當結果已知是對稱時加速矩陣乘法

我知道矩陣乘法的結果是對稱的。是否有一個R包或一些標準方法，我可以通過只計算下半部/上半部三角形然後將結果複製到另一半來加速我的計算。當結果已知是對稱時加速矩陣乘法

我知道tcrossprod受益於這個事實，當只有一個參數提供，但我想提供兩個矩陣。

這裏就是結果是對稱的一個例子：

n <- 100 
m <- 200 
s<-matrix(runif(n^2),n,n) 
s[lower.tri(s)] <- t(s)[lower.tri(s)] 
x <- matrix(runif(m*n), m, n) 
x %*% s %*% t(x)

tcrossprod似乎並沒有成爲解決方案：

library(microbenchmark) 
microbenchmark(x %*% s %*% t(x), tcrossprod(x %*% s, x))

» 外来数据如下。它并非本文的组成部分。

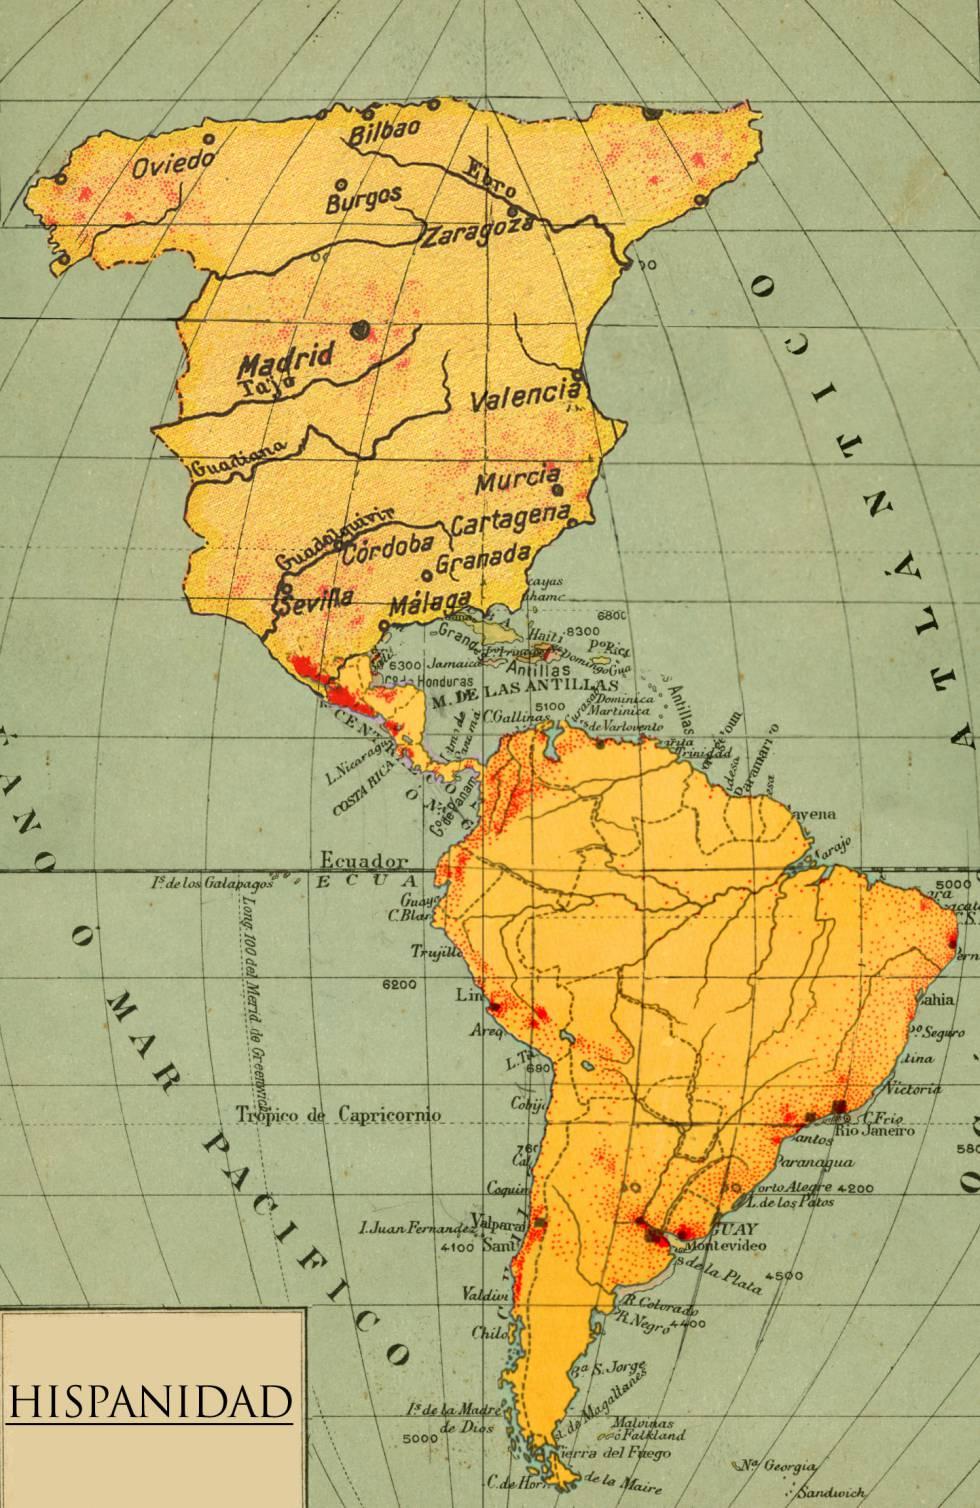 Hispanidad Â¿mala palabra?

我試圖使用RCPP，甚至沒有複製一步，這是比R的乘法慢（雖然我坦率地承認我是一個初學者C++/Rcpp用戶）：

w <- s %*% t(x) 
mm = Rcpp::cppFunction(
'NumericMatrix mmult(NumericMatrix m , NumericMatrix v) 
{ 
    NumericMatrix out(m.nrow(), v.ncol()); 

    for (int i = 0; i < m.nrow(); i++) 
    { 
    for (int j = 0; j < i + 1; j++) 
    { 
     for(int k = 0; k < m.ncol(); k++){ 
     out(i,j) += m(i,k) * v(k,j) ; 
     } 
    } 
    } 
    return out; 
}' 
) 

microbenchmark(mm(x, w), x %*% w)

我認爲如果.Internal functiondo_matprod中的sym變量被暴露並且可以被用戶設置爲真，這將被解決。不過，我真的不希望惹這樣的事情......

來源

2017-10-07 Richard Redding

也許在'Matrix'包裏有什麼？它有一個對稱類。或者可能是'matrixStats'包。 – lmo

它似乎並不像matrix包採取andvantage對稱性：

> n <- 100 
> x <- s <- matrix(runif(n^2),n,n) 
> s[lower.tri(s)] <- t(s)[lower.tri(s)] 
> 
> library(Matrix) 
> s_sym <- Matrix(forceSymmetric(s)) 
> class(s_sym) # has the symmetric class 
[1] "dsyMatrix" 
attr(,"package") 
[1] "Matrix" 
> 
> library(microbenchmark) 
> microbenchmark(x %*% x, s %*% s, s_sym %*% s_sym) 
Unit: microseconds 
      expr min lq mean median uq max neval 
     x %*% x 461 496 571 528 625 1008 100 
     s %*% s 461 499 560 532 572 986 100 
s_sym %*% s_sym 553 568 667 624 701 1117 100

沒有任何跡象表明，它應在幫助文件：

基本矩陣產品，%*%實現我們所有的矩陣和也爲sparseVector類，完全類似的r基地矩陣和矢量對象。功能crossprod和tcrossprod是矩陣產品或「交叉產品」，理想情況下有效實施，不需要計算t(.)。當易於檢測時，例如，在crossprod(m), 一個參數情況下，它們也返回分類矩陣。 tcrossprod()取矩陣的轉置矩陣的交叉乘積。 tcrossprod(x)正式相當於，但快，呼籲x %*% t(x)，所以tcrossprod(x, y)而不是 x %*% t(y)。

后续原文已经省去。